Part 1 Theoretical foundations - Theories of the firm (4/4) - Corporate Governance SLIDESHOW 5 Flashcards
What is corporate governance?
Instruments or mechanisms available to the providers of finance to make sure that their investments are either safe, or that they will yield the maximum possible return.
Broader: ensuring that management runs the firm in accordance with the objectives of several relevant groups of stakeholders.
What is the essence of the firm according to Jensen and Meckling?
The entire set of contractual relationships
What do this contractual relationships raise as issues?
Issues of agency, incentives and monitoring
When does an agency problem arise?
When there is a separation within the firm of ownership from control. Therefore, there is a potential conflict of interest between the principal (shareholders) and the agent (manager).
What are the 2 most common sources of agency problem?
1\ Perquisites –> expenditures (Williamson)
2\ Empire-building –> pursuit of own growth (Marris)
What are other types of agency problems that may arise within the firm?
Conflicts of interest between large and small shareholders or between bondholders (debt holders)
What is the current value of the equity?
The difference between the value of the firm’s assets and the value of its debt
What do shareholders want to do if the current value of the equity is small?
There is a risk-shifting incentive to permit investments in high-risk projects
What do bondholders prefer regarding investments?
Low-risk investments
What is the second type of debt agency problem? And what does it lead to?

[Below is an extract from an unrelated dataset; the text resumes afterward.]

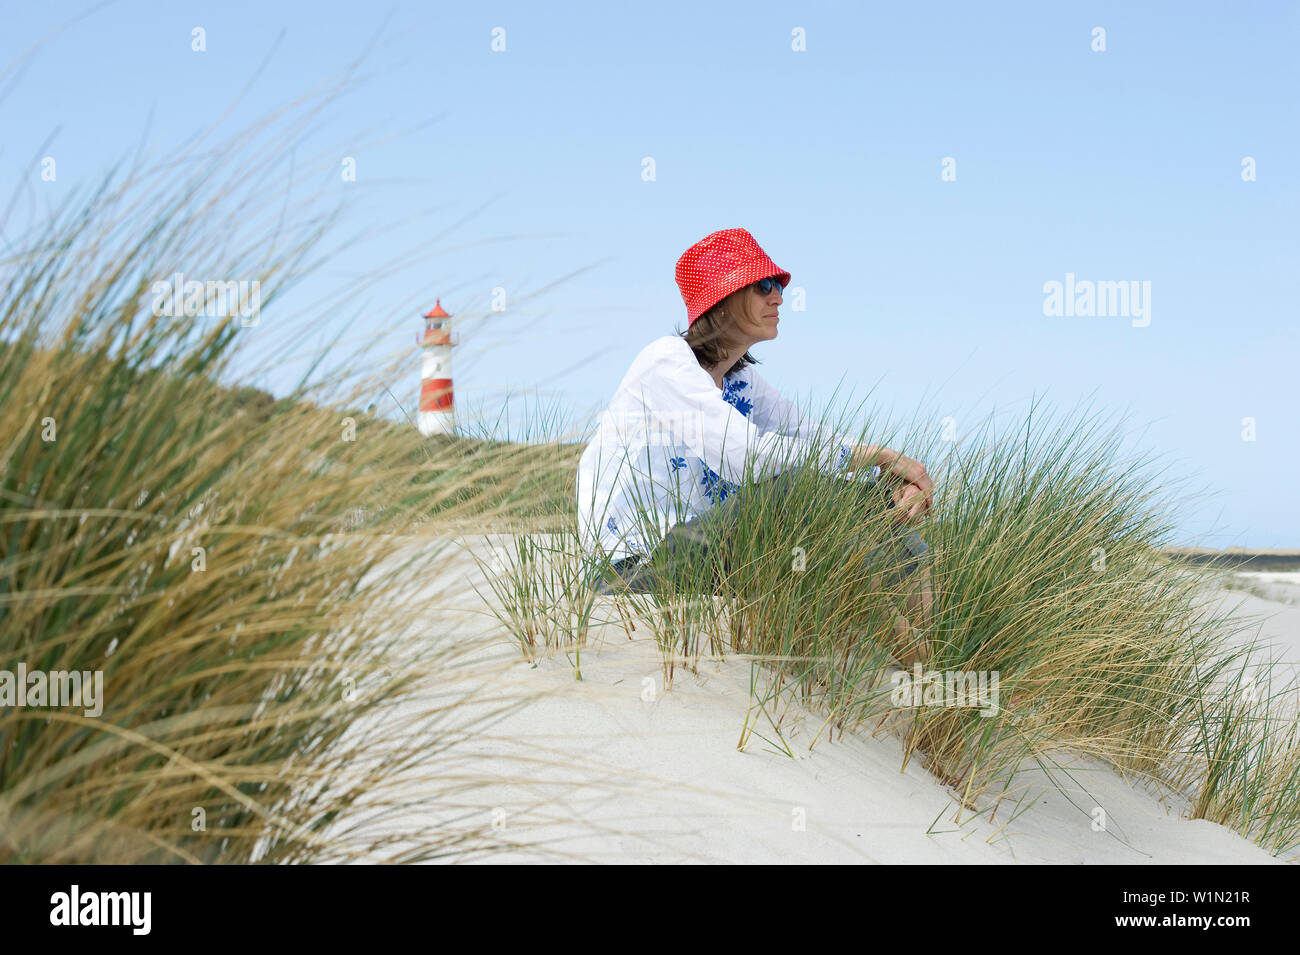 Woman wearing a red hut sitting at beach, List-Ost lighthouse in background, Ellenbogen, List, Sylt, Schleswig-Holstein, Germany Stock Photo

First one was risk-shifting incentive
Underinvestment incentive leads to demand in higher return for bondholders resulting in an agency cost on the firm
What kind of problem does duality bring?
May tend to give rise to a lack of independence of the board from the senior management
What are the positive and negative aspects of separation of these 2 roles? (Chairman and CEO)
Robust, independent oversight of management performance but possible conflict between them
What does shareholder activism stand for and what does it really stands for?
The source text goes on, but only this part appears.